Assessment of physiological noise modelling methods for functional imaging of the spinal cord
Highlights
► Physiological noise correction methods for spinal cord fMRI were evaluated. ► Physiological Noise Model was found to outperform Selective Averaging Filter. ► Heart Rate and Respiration Volume Time had a negative impact on the statistics. ► Cardiac and respiratory impulse response functions were not beneficial. ► Pre-whitening in addition to physiological noise correction was advantageous.
Introduction
The spinal cord is the first relay site in the transmission of sensory information from the periphery to the brain (D'Mello and Dickenson, 2008, Willis and Coggeshall, 2003). To allow a more complete understanding of central nervous system processing in health and disease, a non-invasive technique for assessing the function of human spinal cord is desirable. To address this need, functional magnetic resonance imaging (fMRI) of the spinal cord has been developed. Since the publication of the first article on spinal cord fMRI in 1996 (Yoshizawa et al., 1996), there have been more than 50 papers on spinal cord fMRI performed in humans and animals. Spinal cord activation has been observed in cervical and lumbar spinal cord, for stimuli such as touch, vibration, thermal, brush and motor tasks (for review, Giove et al., 2004, Leitch et al., 2010, Stroman, 2005b).

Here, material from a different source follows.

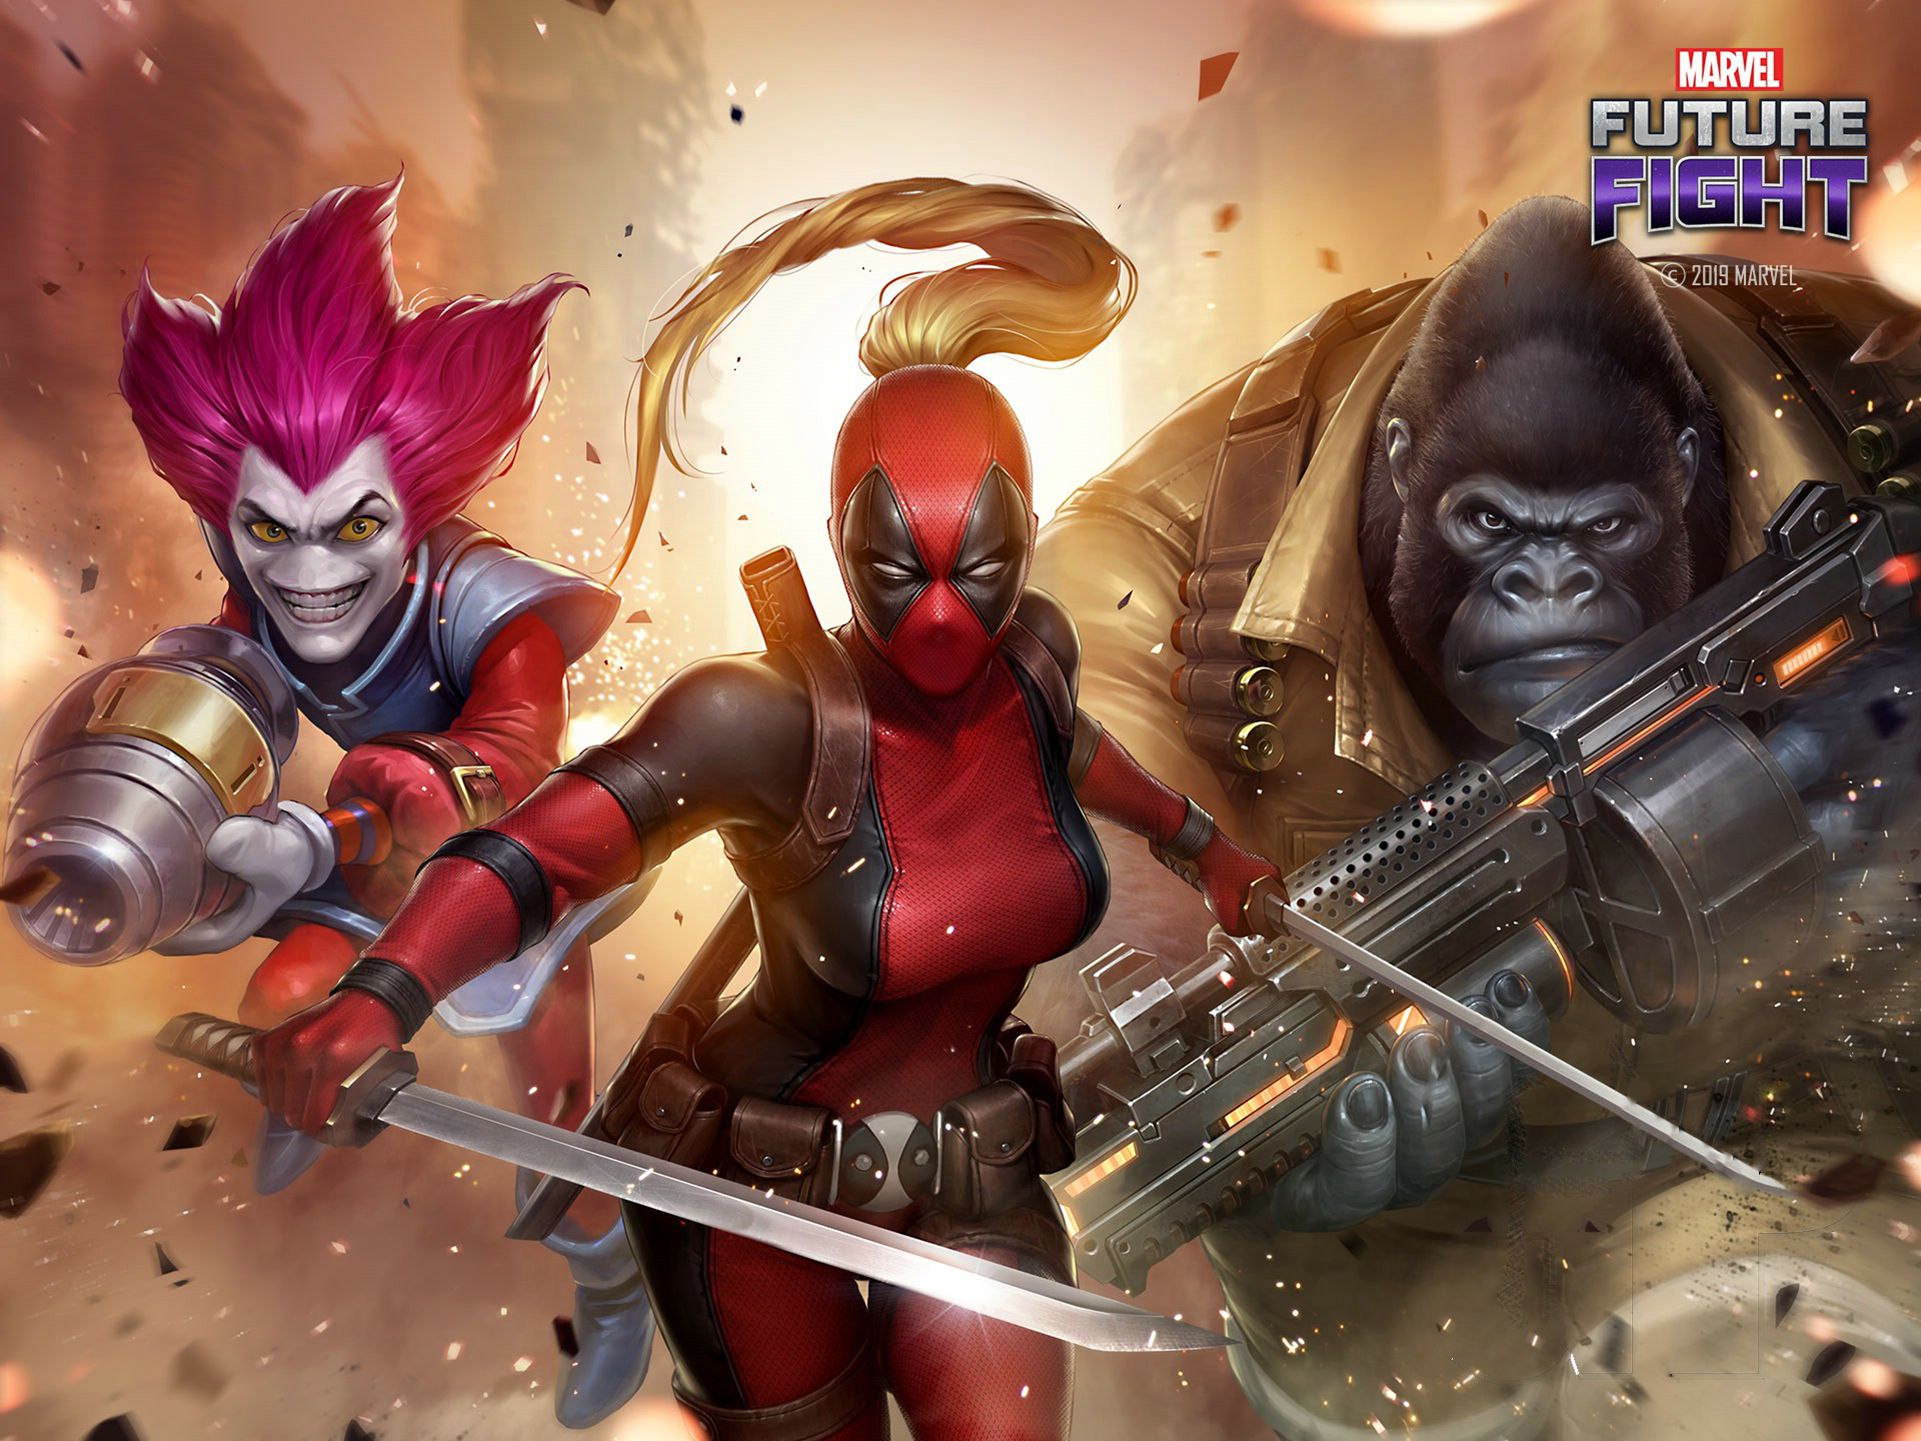 Female Deadpool Marvel Future Fight Wallpaper Hd Games 4k

Despite the increasing numbers of spinal cord fMRI studies in the literature, the characteristics of the functional signal is not fully understood (Bouwman et al., 2008, Cohen-Adad et al., 2010, Stroman, 2005a), and reported human data have been inconsistent. Possible reasons for this include: small cord area (~ 1 cm2) producing intrinsically low signal to noise data; magnetic susceptibility differences (at bone/disc interfaces) causing signal loss and image distortion; physiological noise (primarily cardiac and respiratory related) obscuring functional signals; motion and flow artefacts due to cerebrospinal fluid (CSF) pulsation; variability of the results across repeated measurements and lack of a standard coordinate template for group analysis (Leitch et al., 2010, Stroman et al., 2008). One of the key challenges remaining to establish spinal cord fMRI as a routinely applied technique is to adequately account for physiological noise effects when analysing data.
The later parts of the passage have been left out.